China's Next Top Model Season 4 (also referred to as "Cycle 4") is the fourth installment of the Chinese Reality TV series and is a spin-off of the internationally popular America's Next Top Model. The series began airing on television on October 12, 2013.

The prizes for this cycle were a contract to host China's Travel Channel, a contract with 2pm model management, an appearance on the cover of Grazia China, a cash prize of RMB 1,000,000, a two-week all-expenses paid trip to Europe, the opportunity to walk in Paris Fashion Week in 2014, and a wide variety of gifts worth a total of RMB 500,000 from the show's sponsors.

The winner was 21-year-old Wang Xiao Qian.

Contestants

(ages stated are at start of contest)

 Wang Xiao Ting and Wang Xiao Qian are identical twin sisters, however they competed individually.

Episodes

Episode 1
First aired: October 12, 2013

The 14 girls moved into the model house where they had to fight for the 12 beds in the house. Yin Fang Bing and Li Qiao Dan were slower than the others and did not get beds. Ultimately, Yu An Qi and Zong Yi Tong offered to share with them.

For the challenge, the girls learned how to walk on the runway. Yu An Qi won the challenge for having the best walk and her prize was a RMB 20,000 prize package containing a luxury bag, Gucci sunglasses, and clothing.

For the week's photo shoot, the girls had a Winter Olympics themed shoot in the ice room of Beijing I Sweep Curling Club.

First call-out: Yu An Qi
Bottom three: Chen Qi, Xie Shu Ya, and Yin Fang Bing
Eliminated: Chen Qi and Yin Fang Bing
Photographer: Hua Yuan

Episode 2
First aired: October 19, 2013

The 12 girls received makeovers and competed in a runway challenge where only the top 9 girls would be able to walk in a "Bread n Butter" fashion show. Zong Yi Tong, Xia Fan, and Zhou Chen Lan lost the challenge and watched the other girls walk in the fashion show.

At home, Chen Lan found a frog and used it to scare the other girls, causing Hu Huan to burst into tears. 

The girls had to re-create famous Chinese beauty shots for their photo shoot of the week.

First call-out: Wang Xiao Qian
Bottom two: Xia Fan and Zong Yi Tong
Eliminated: Xia Fan
Photographer: Zhang Hao Ran

Episode 3
First aired: October 26, 2013

The 11 girls had a fancy dinner with judge Zheng Yuan Chang. Afterwards, they went to a hutong where they competed in the week's challenge. 

The girls were randomly split into four teams. Each team had to compose and shoot three street shots with foreigners in under 15 minutes.

Team 1: Shi Xin Ling, Wang Xiao Qian, and Wang Xiao Ting
Team 2: Chen Chan Lin, Yu An Qi, and Chen Lan
Team 3: Dang Zhu Xi, Li Qiao Dan, and Zong Yi Tong
Team 4: Hu Huan and Xie Shu Ya

Team 2 had the best picture, but the overall winner of the challenge was Team 1. Team 1 shares a RMB 20,000 prize package from i-xiu.com and each  one received a watch from Galtiscopio.
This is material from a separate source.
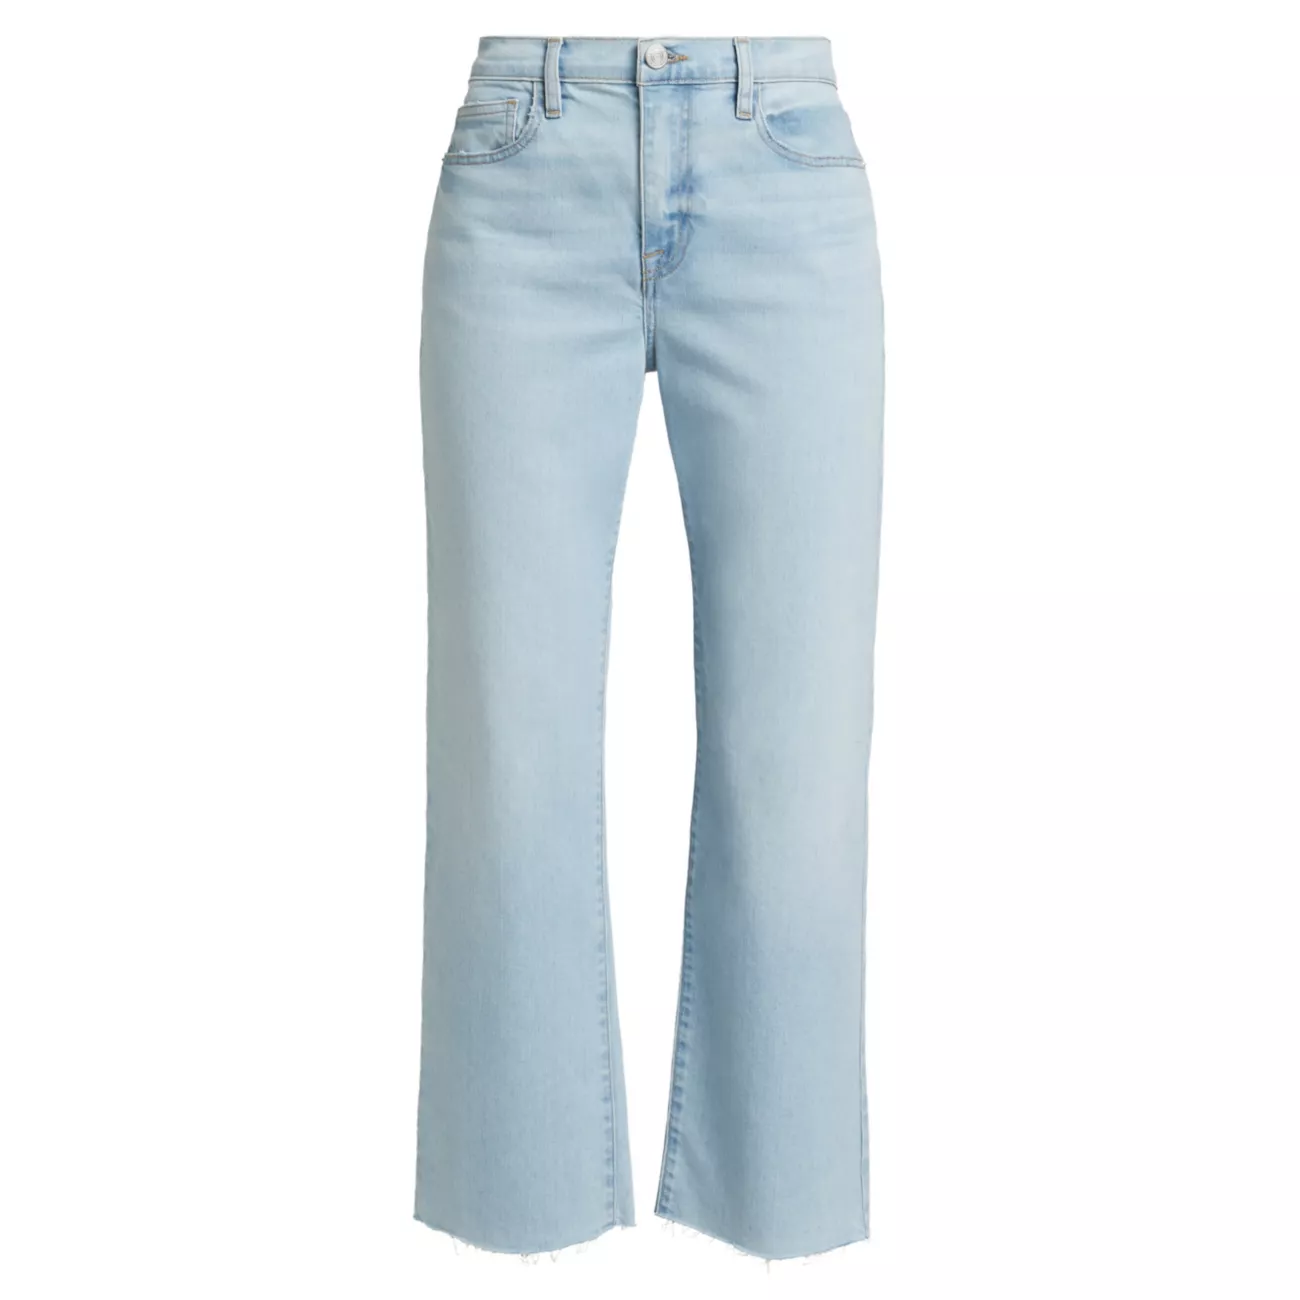 Укороченные эластичные джинсы Le Jane со средней посадкой и сапогами FRAME

The girls went home and received a nutrition lesson from nutritionist Cecile. They learned what foods each blood type is fit to eat. 
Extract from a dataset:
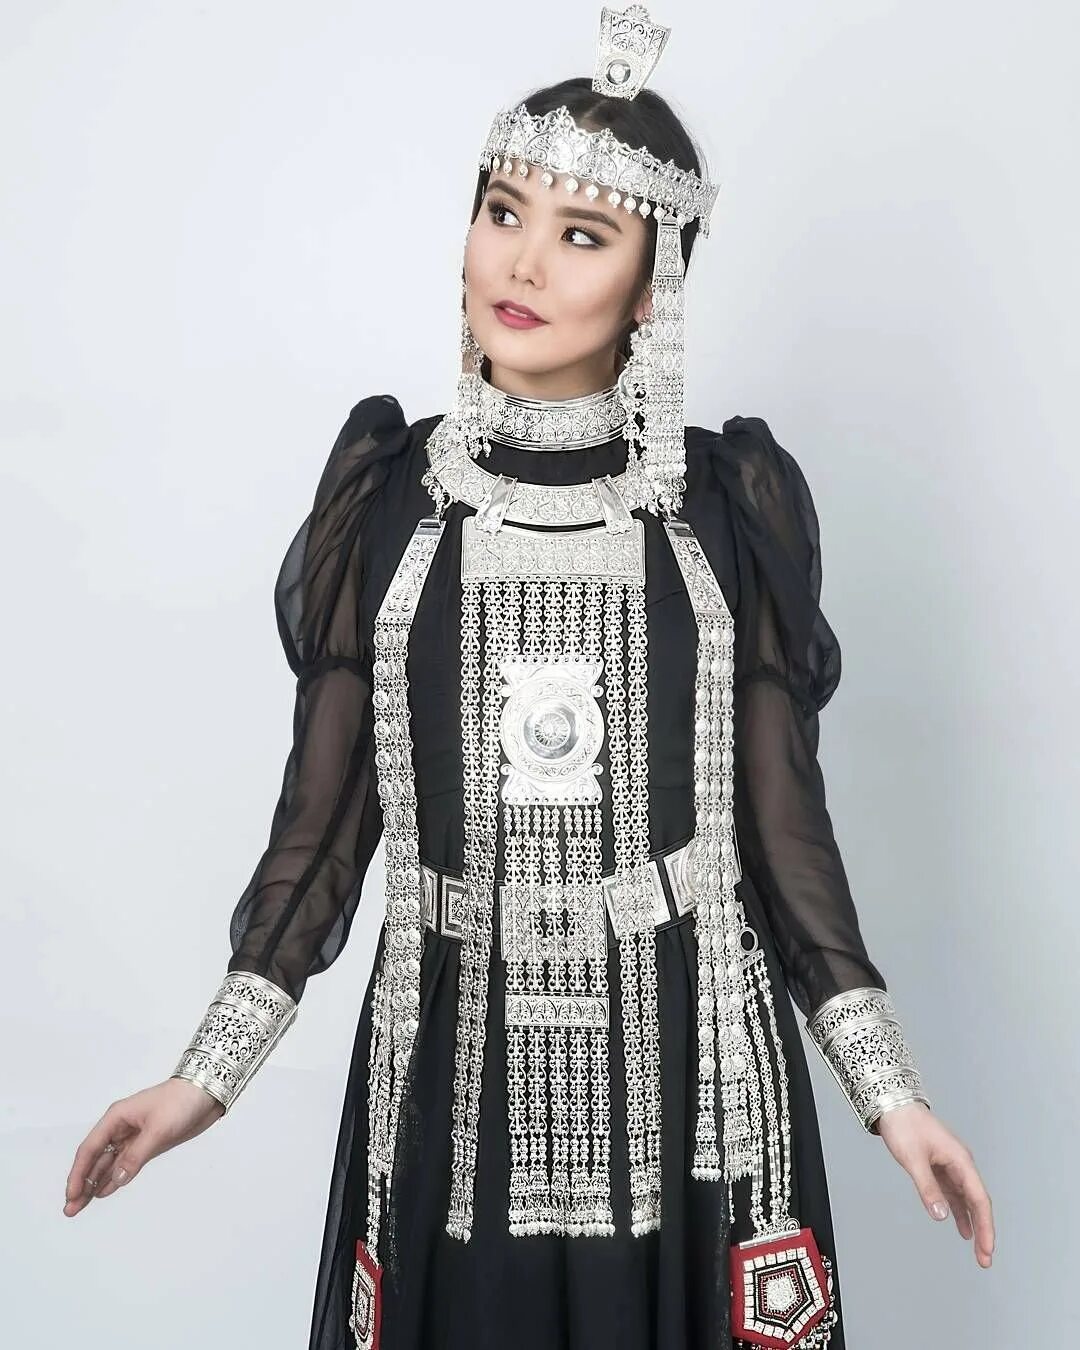 Якутская Национальная одежда халадай. Илин-кэлин кэбиhэр. Якутский халадаай. Национальный костюм Саха якутов.

Huan cuts her foot while playing hide-and-seek with the other girls in the house.

The girls went to a desert in the Shapotou District in Ningxia where they had to wear swimsuits and work with male models for the photo shoot of the week.

First call-out: Shi Xin Ling
Bottom two: Wang Xiao Ting and Chen Chan Lin
Eliminated: Chen Chan Lin
Photographer: Kevin

Episode 4
First aired: November 2, 2013

The 10 remaining girls were relaxing in the model house when Zhuo Chen Lan kicked Shi Xin Ling while they were playing. This caused Shi Xin Ling to get angry and cry. After Chen Lan's apology, Li Qiao Dan's baby daughter visited the house.

The next morning, the girls found out they were going on a Royal Caribbean International luxury cruise trip to South Korea for 3 days. On the cruise ship, Xin Ling got a chance to show off her dancing skills. 

The girls arrived at Myeong-dong in the Jung District, Seoul, where they had their first challenge. The girls received ₩100,000 (about RMB 573.30) and had 15 minutes to buy one vacation-themed accessory. Afterwards, they returned to the cruise ship where they walked a runway wearing swimsuits and modeling the accessory they bought. Dang Zhu Xi and Yu An Qi were deemed as having the worst accessories, while Qiao Dan wins for best, most vacation-themed accessory. 

The girls then participated in a 2nd challenge where they had to repeat the runway show from the 1st challenge but this time in front of the cruise staff. Additionally, they had to coordinate a dance with a professional dancer at the end of the runway. The cruise staff voted for which model they thought walked and danced the best. Qiao Dan won the 2nd challenge as well. For winning both challenges, Qiao Dan received a RMB 20,000 gift card to shop at Galeries Lafayette.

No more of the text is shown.